Antibody repertoire construction from Ion Torrent reads
Antibody repertoire is defined as an entire set of antibodies in an organism. It describes adaptive immune system, and thus serves as an input to most immunoinformatics studies. This makes antibody repertoire construction a fundamental problem of immunoinformatics.
Antibody is mostly described by its variable region which is formed by the process of V(D)J recombination of B-cells. An organism contains a set of V, D, and J segments encoded in its genome. During the process of V(D)J recombination a single V, single D, and single J segments are chosen and concatenated to form a variable region of an antibody. Further, antibodies gain somatic hypermutations to improve themselves. Typically, modern Rep-seq libraries are produced by a sequencing technique, which outputs reads covering the whole variable region of antibodies. Thus, computationally the problem can be formulated as a clustering and error correction problem on error-prone immunosequencing datasets. But standard solutions for clustering and error correction do not work well for the specifics of the problem. Namely, antibody multiplicities are distributed very unevenly, their sequences can contain very long equal parts, and finally amplification errors statistically look very similar to natural diversities of antibodies.

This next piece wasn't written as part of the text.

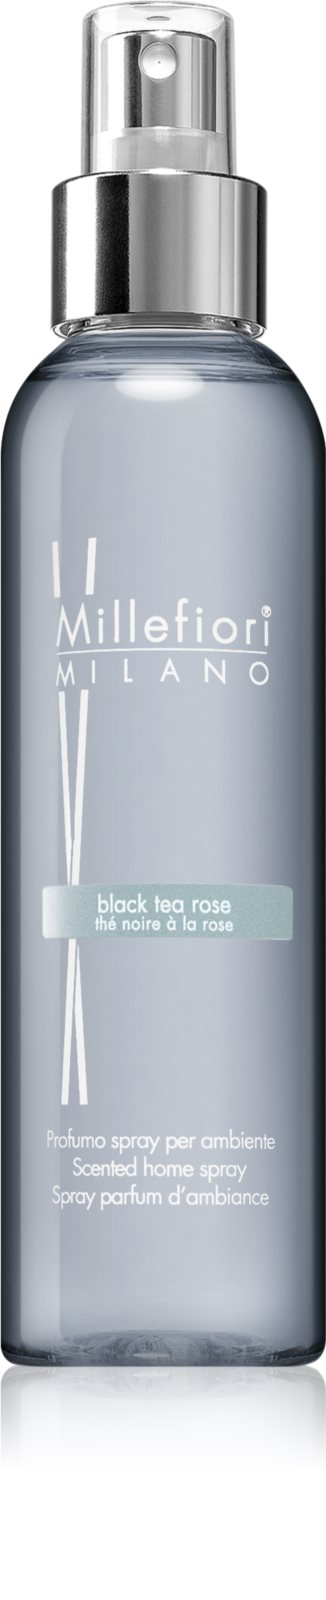 Millefiori Roomspray Black tea rose 150ml

Most common sequencing technology for Rep-seq is Illumina MiSeq and most of the repertoire construction solutions are developed for this technology, including IgReC developed in CAB. Ion Torrent sequencing is also used for Rep-seq, but it introduces very specific sequencing errors which need a separate approach. The goal of the project was to construct antibody repertoire from sample Ion Torrent dataset by getting inside specific to technology types of errors, such as large indels and homopolymer errors, on top of amplification (PCR) errors.
We propose the usage of RLE (run-length encoding) of reads and germline, as a workaround to eliminate homopolymer errors, and a further decoding of cluster consensuses.